Dataset content:
------------------------------------------------------------

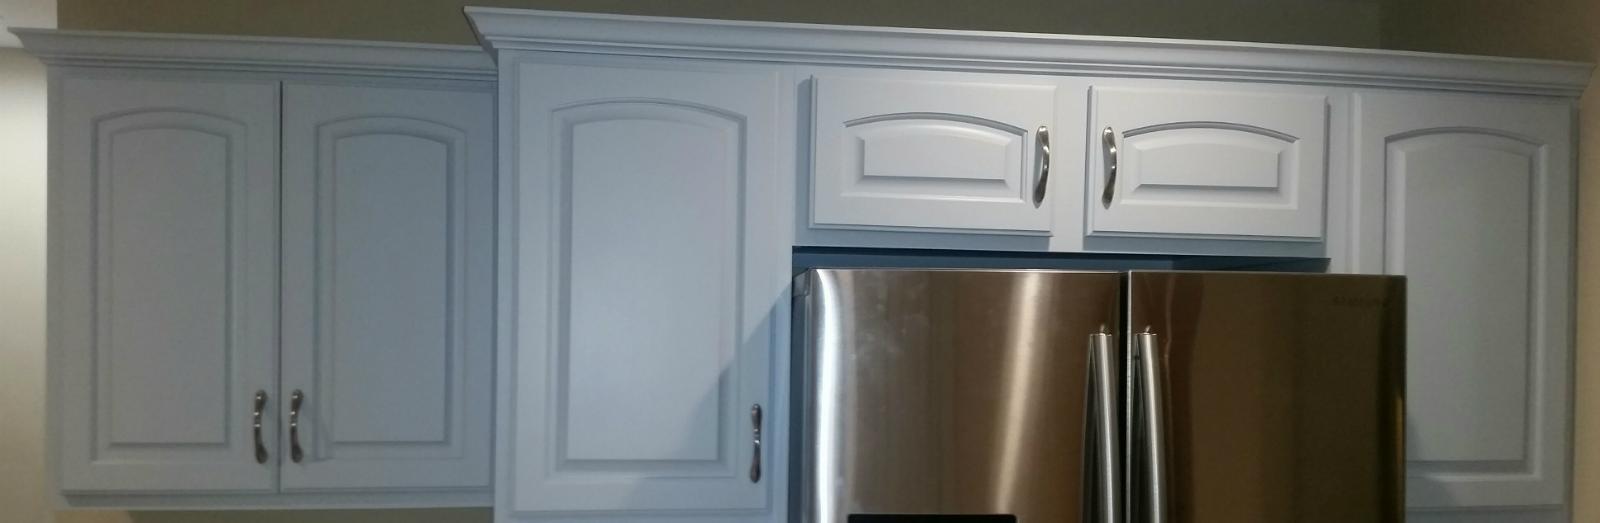 Professional Kitchen Cabinet Painters - Nagpurentrepreneurs
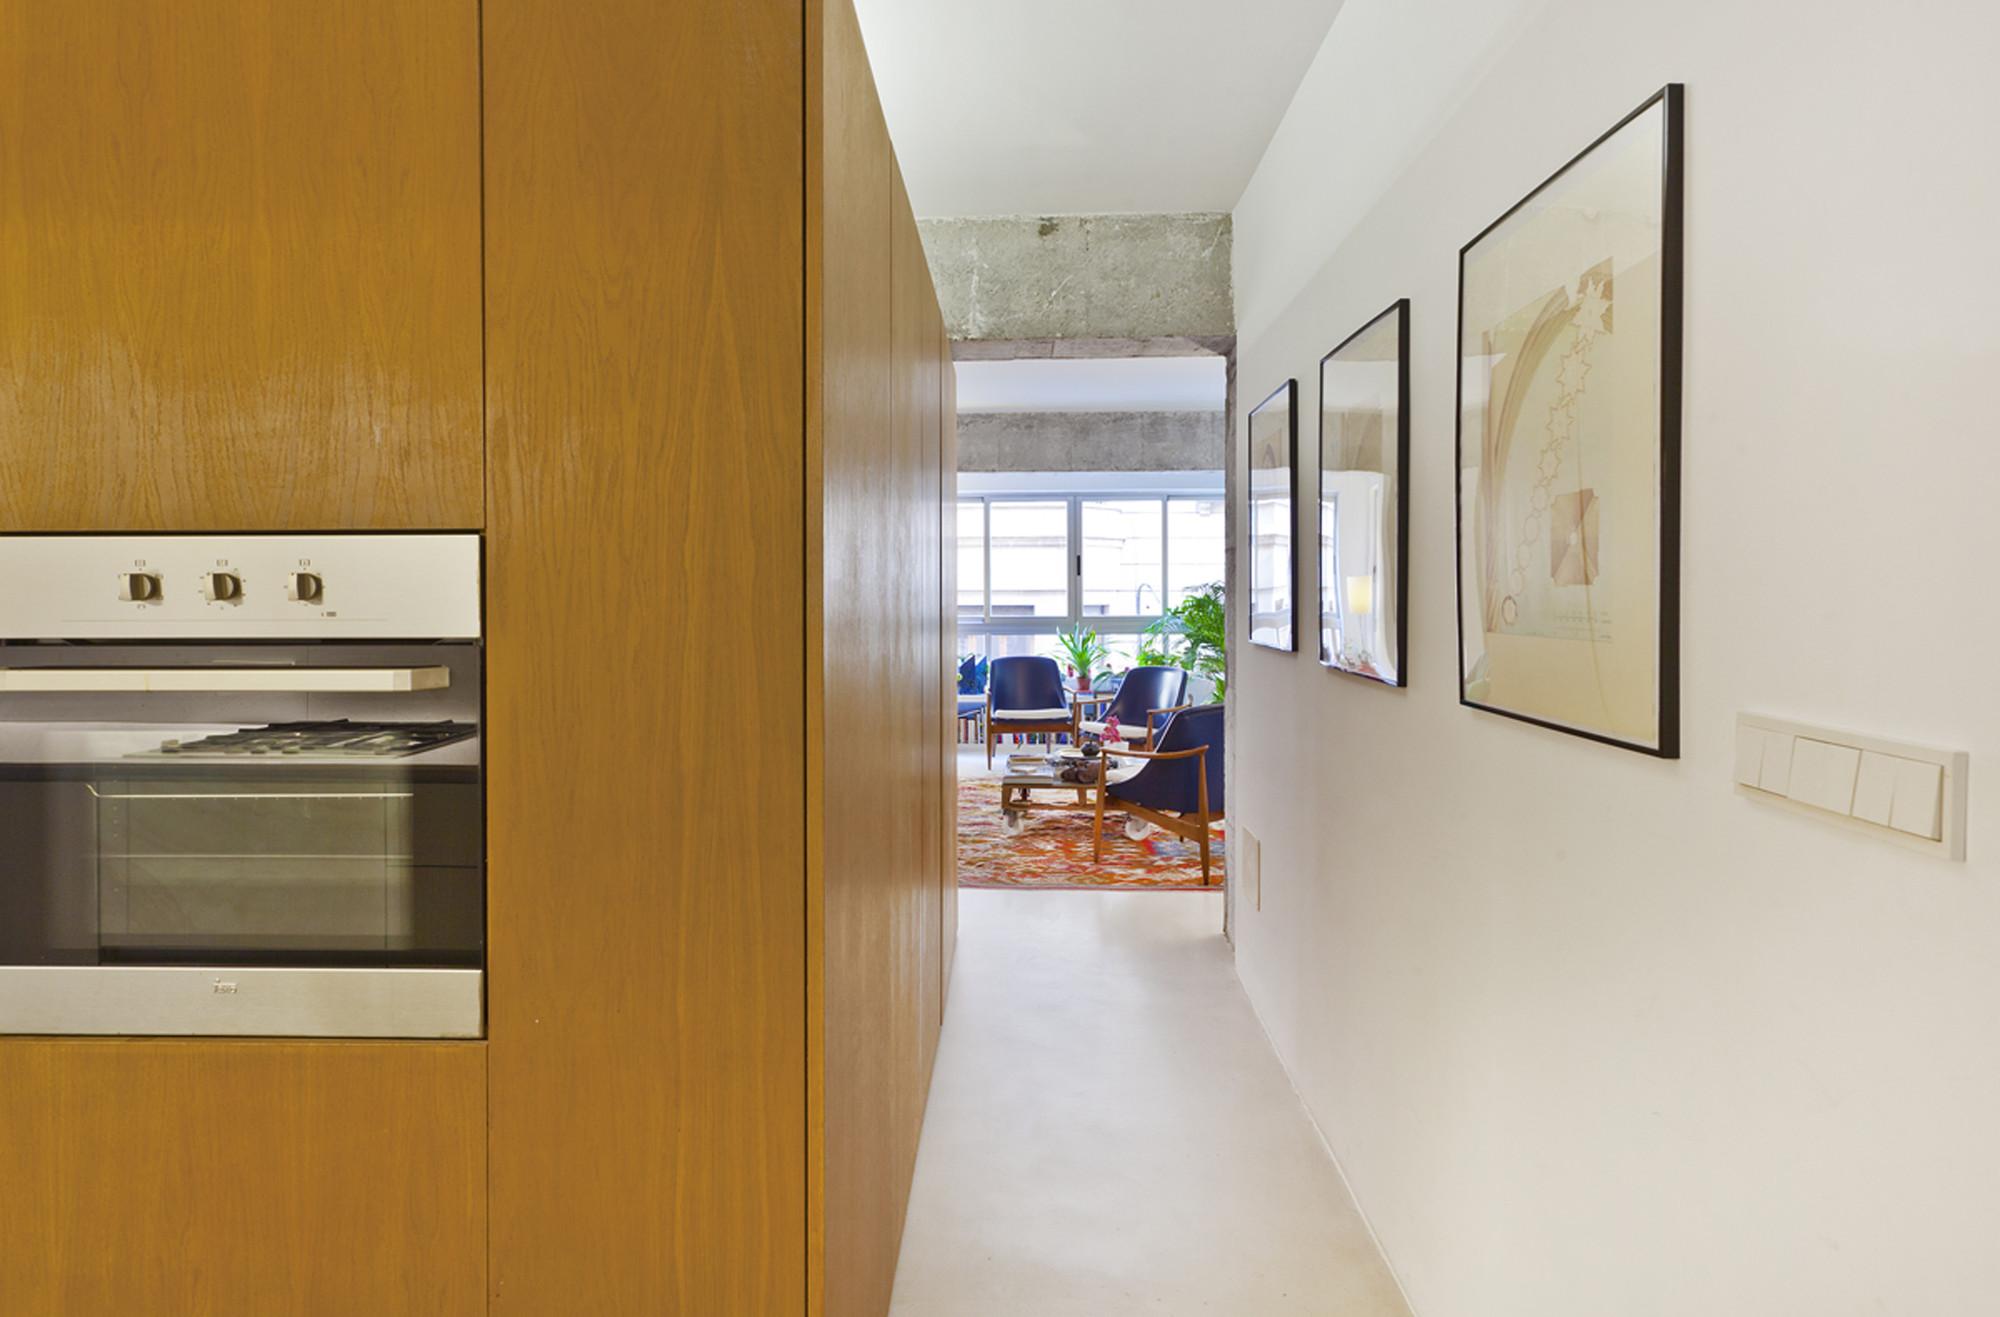 Galeria de reforma de apartamento em palma de mallorca vila segui arquitectos 2 - Arquitectos palma de mallorca ...
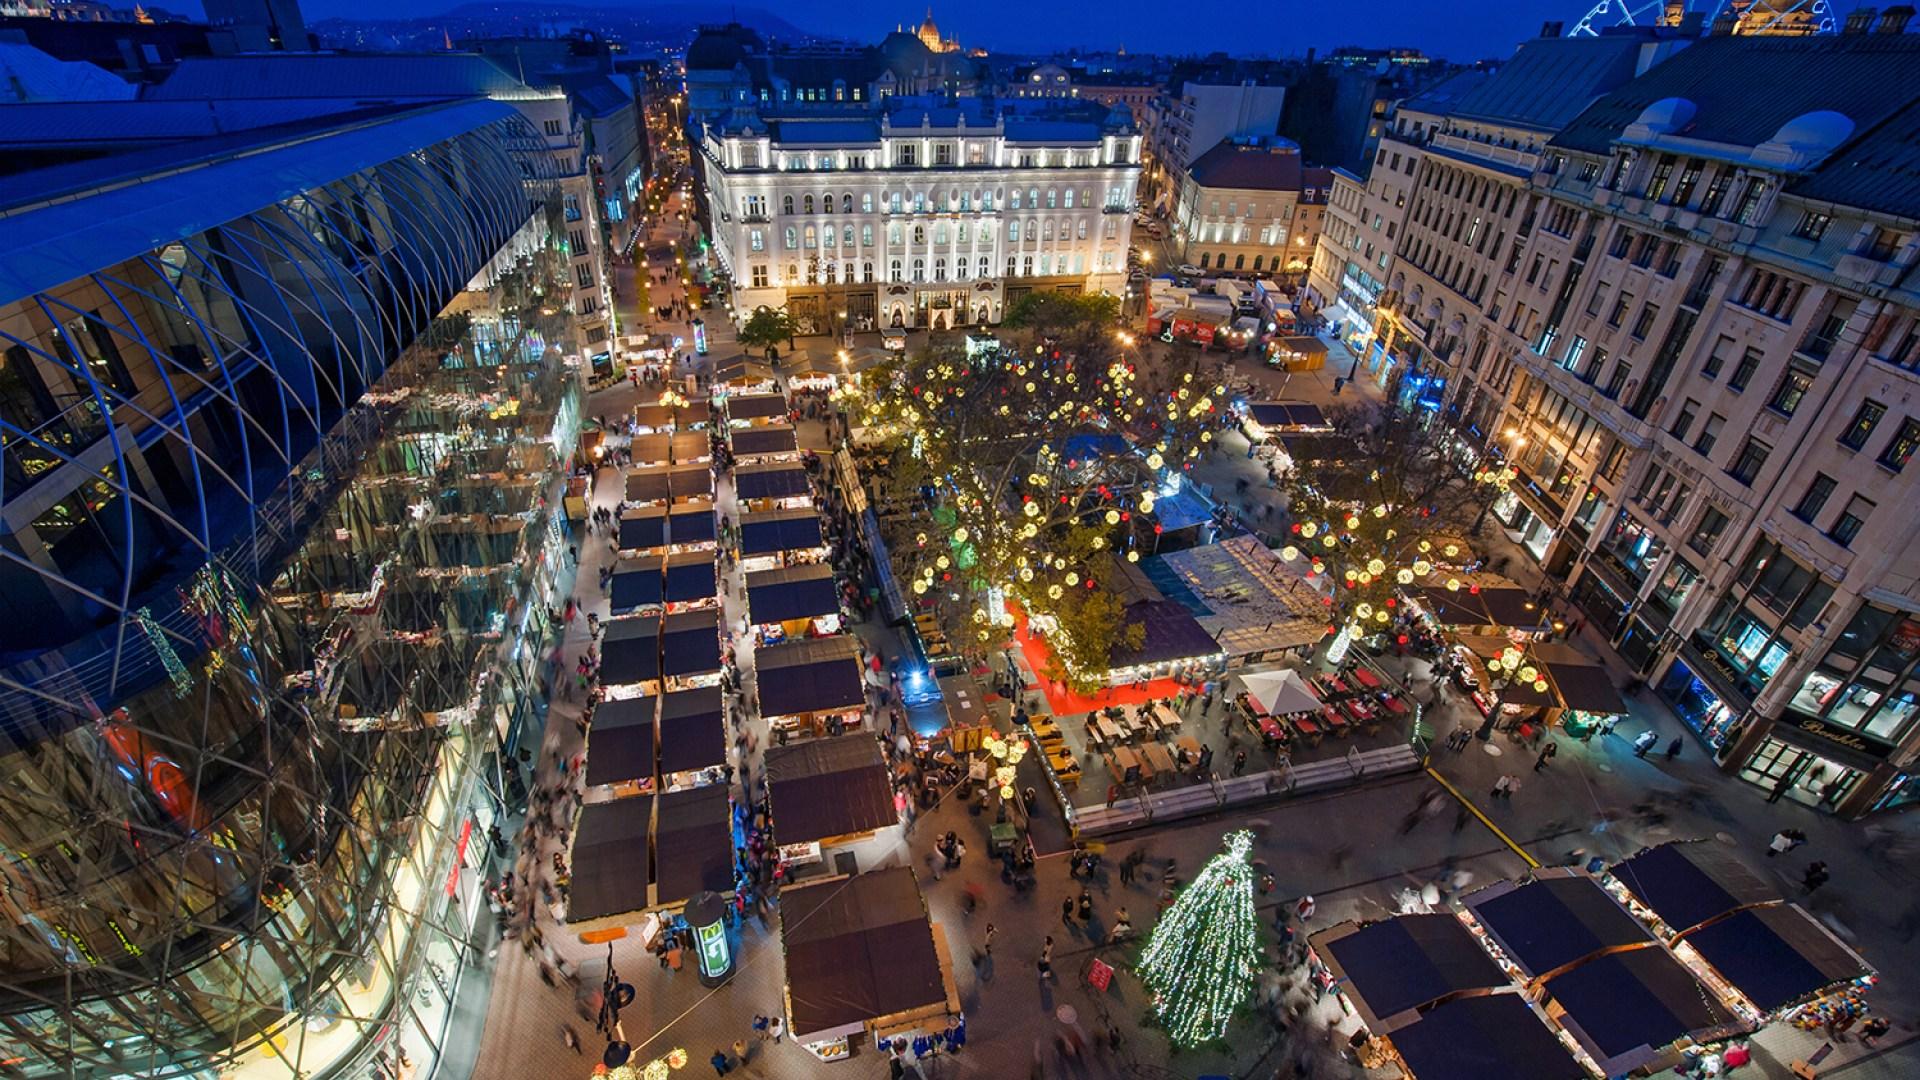 Vorosmarty Square Budapest Christmas Market.The Magazine Hotel Shortlist Best Programs In December

------------------------------------------------------------

Task item:
Could you copy the data above exactly, leaving the pictures out?

Task response:
 Professional Kitchen Cabinet Painters - Nagpurentrepreneurs
 Galeria de reforma de apartamento em palma de mallorca vila segui arquitectos 2 - Arquitectos palma de mallorca ...
 Vorosmarty Square Budapest Christmas Market.The Magazine Hotel Shortlist Best Programs In December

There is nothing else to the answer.